In this setting, AI models have been developed to assist medical practitioners in detecting and diagnosing COVID-19. Machine learning algorithms are used to fit models on medical imaging data [such as CXRs and computed tomography (CT)] to help identify patterns associated with the virus. These AI tools can help healthcare professionals make quicker and more accurate diagnoses during waves of pandemic [
4]. Moreover, the application of AI can help reduce human bias in the diagnosis of COVID-19, as reported by Bercean et al. [
5]. The authors revealed that radiologists overestimated the percentage of lung involvement by 10.23 ± 4.65% and 15.8 ± 6.6%, respectively, while with the AI support, the absolute overestimation error was reduced.

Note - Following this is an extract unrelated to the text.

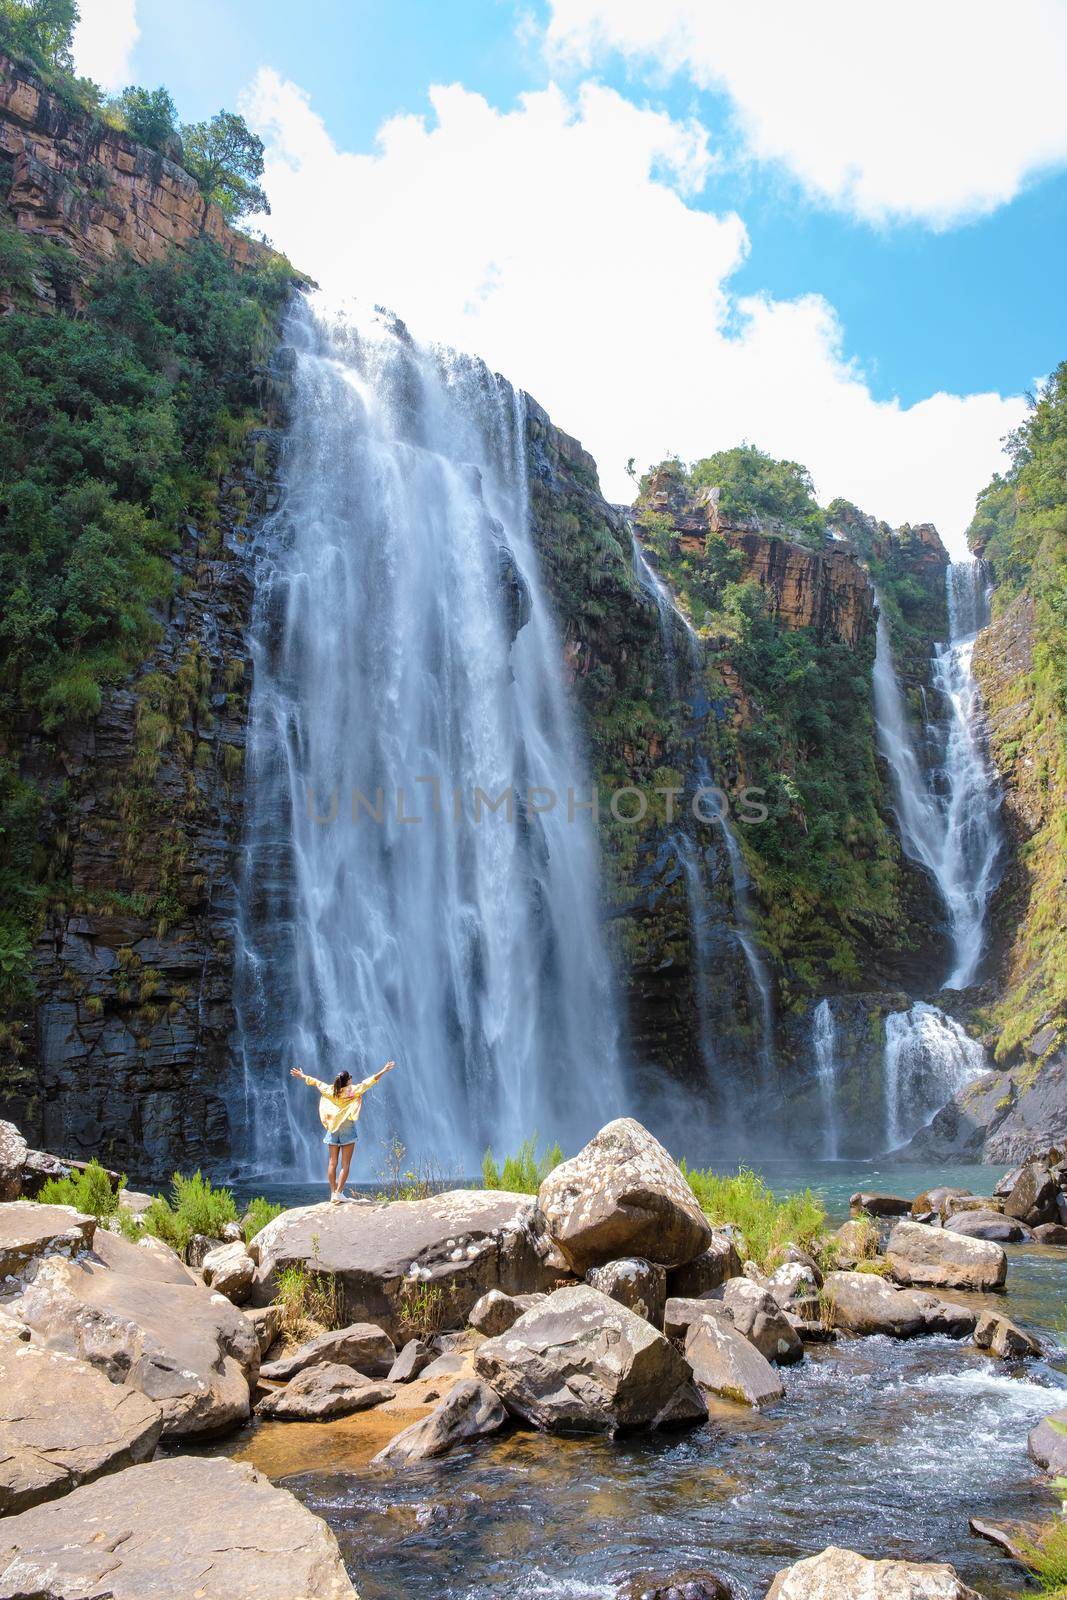 Panorama Route South Africa, Lisbon Falls South Africa, Lisbon Falls is the highest waterfall in Mpumalanga, South Africa. Asian women on vacation in South Africa

It has been widely confirmed that AI-assisted diagnosis is a valuable screening tool that might shorten patient waiting times, simplify the workflow, reduce the workload of radiologists, and enable radiologists to respond more quickly and effectively in the emergency setting [
6].
Nowadays, most current studies use CXRs or CTs to classify COVID-19 pneumonia and other forms of pneumonia [
7]. In a recent paper, Bouchareb et al. [
8] deeply revised the importance of AI as an assistive tool in diagnosing and prognosis of COVID-19 patients, especially by applying deep learning (DL) approaches. AI techniques used for CXR allow for identifying the most common and typical findings, namely ground-glass opacities (GGOs) and consolidations, especially with a bilateral, lower, and peripheral zone distribution [
9]. The authors, citing the work by Bukhari et al. [
10], underlined the usefulness of ResNet-50 CNN architectures in identifying patients with COVID-19 pneumonia, typical bacterial pneumonia, and with normal CXR, with an overall diagnostic accuracy of 92.8%. Similar results were reported by Apostolopoulos et al. [
11], who used different CNN models for differential diagnosis between COVID-19 pneumonia and other pathological findings such as pulmonary edema, pleural effusion, and chronic obstructive pulmonary disease. The authors found a 99.2% accuracy in the diagnosis of COVID-19 pneumonia.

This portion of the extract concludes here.